Russian astronomer (1801–1883)

Karl Khristoforovich Friedrich Knorre (Карл Христофорович Кнорре; 28 March 1801 – 29 August 1883) was a Russian astronomer of Baltic German ethnic origin who is best known for founding the Nikolayev Astronomical Observatory in 1827. Knorre's father, Ernst Friedrich Knorre, and his son, Viktor Knorre, were also prominent astronomers. Recently NASA named an asteroid in honor of the three generations of Knorre astronomers.

==Life and work==
Knorre was born in Dorpat, Russian Empire in present-day Estonia, the son of Ernst Friedrich Knorre, a German-born astronomer, and his wife Sophie (née Senff). Although Knorre's father died in 1801 when he was just 9 years old, the elder scientist's career as a professor of mathematics at the Universität Dorpat where he was also chief Observator for the Dorpat observatory, had already made a strong impression on the young boy who applied himself enthusiastically to the study of math and science. He gave private lessons in mathematics and Latin to other pupils of his school and even to adults, earning enough money to help his impoverished mother to pay for his education.

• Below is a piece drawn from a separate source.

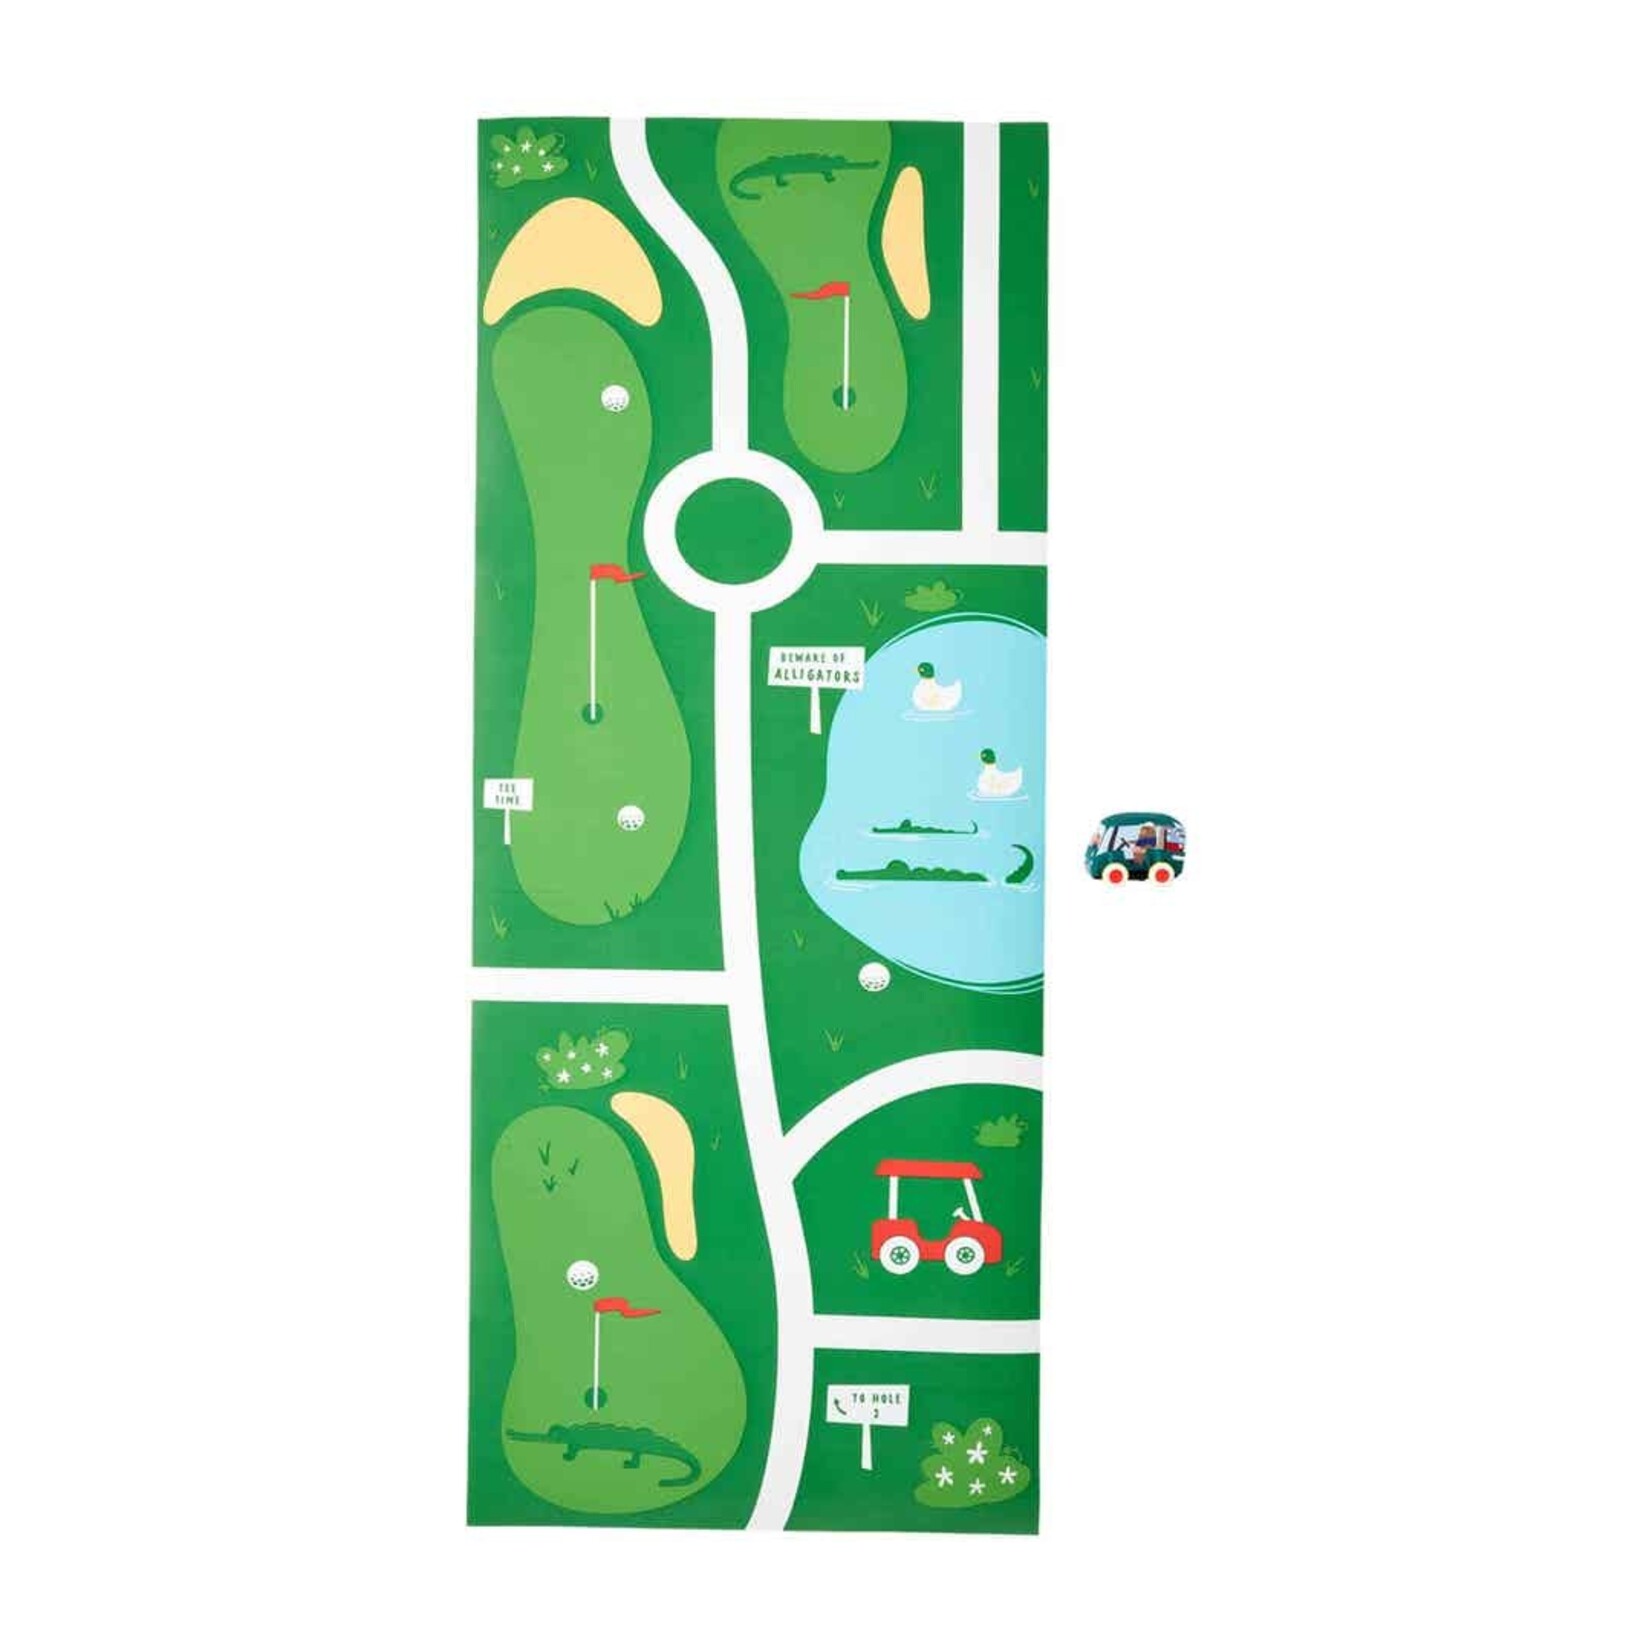 Mudpie Golf Cart w/ Golf Course Map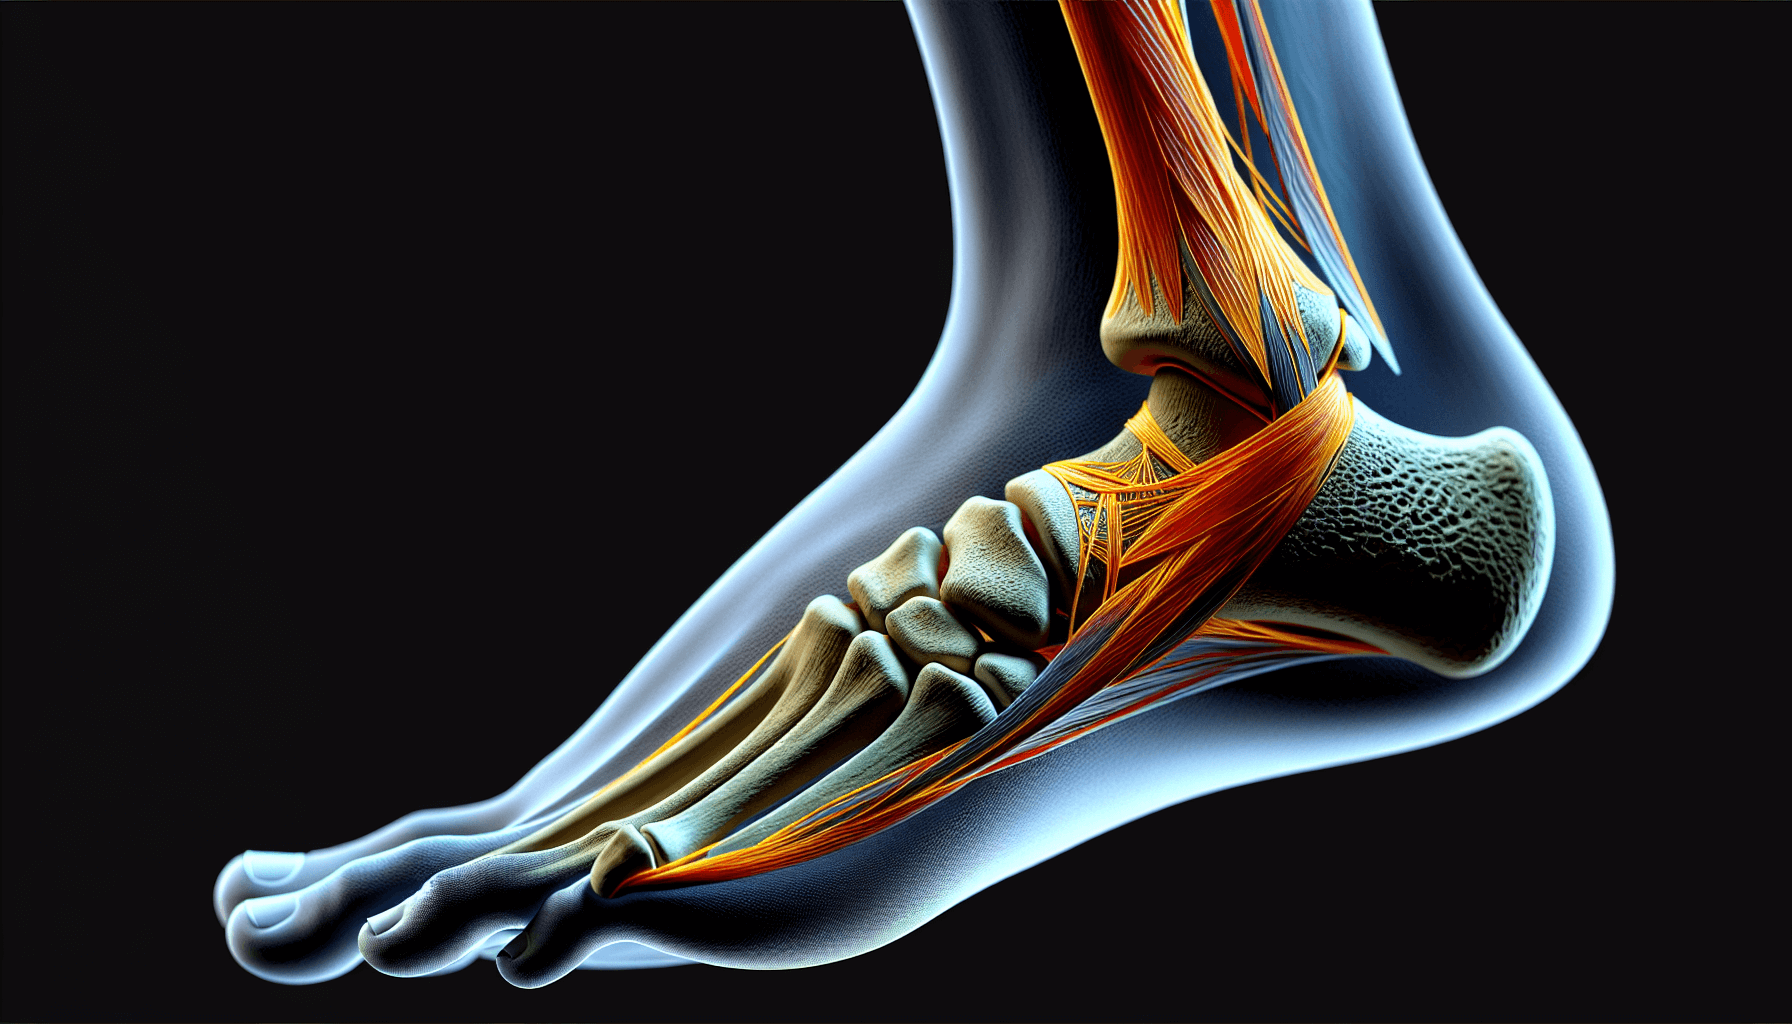 Achilles tendon anatomy illustration

The family had taken refuge with Knorre's uncle, Karl August Senff, a professor of painting at the university and with his help, Knorre was able to enter into a course of study there at the age of 15. Knorre was determined to continue in his father's footsteps as an astronomer, taking up the bulk of his unfinished work, but Senff felt that the clergy was a more secure means of self-support for a poor orphan, and urged him to study theology. Although he dutifully entered into the divinity program, Knorre still managed to attend several astronomy lectures and became devoted to the subject, largely educating himself in the ensuing years.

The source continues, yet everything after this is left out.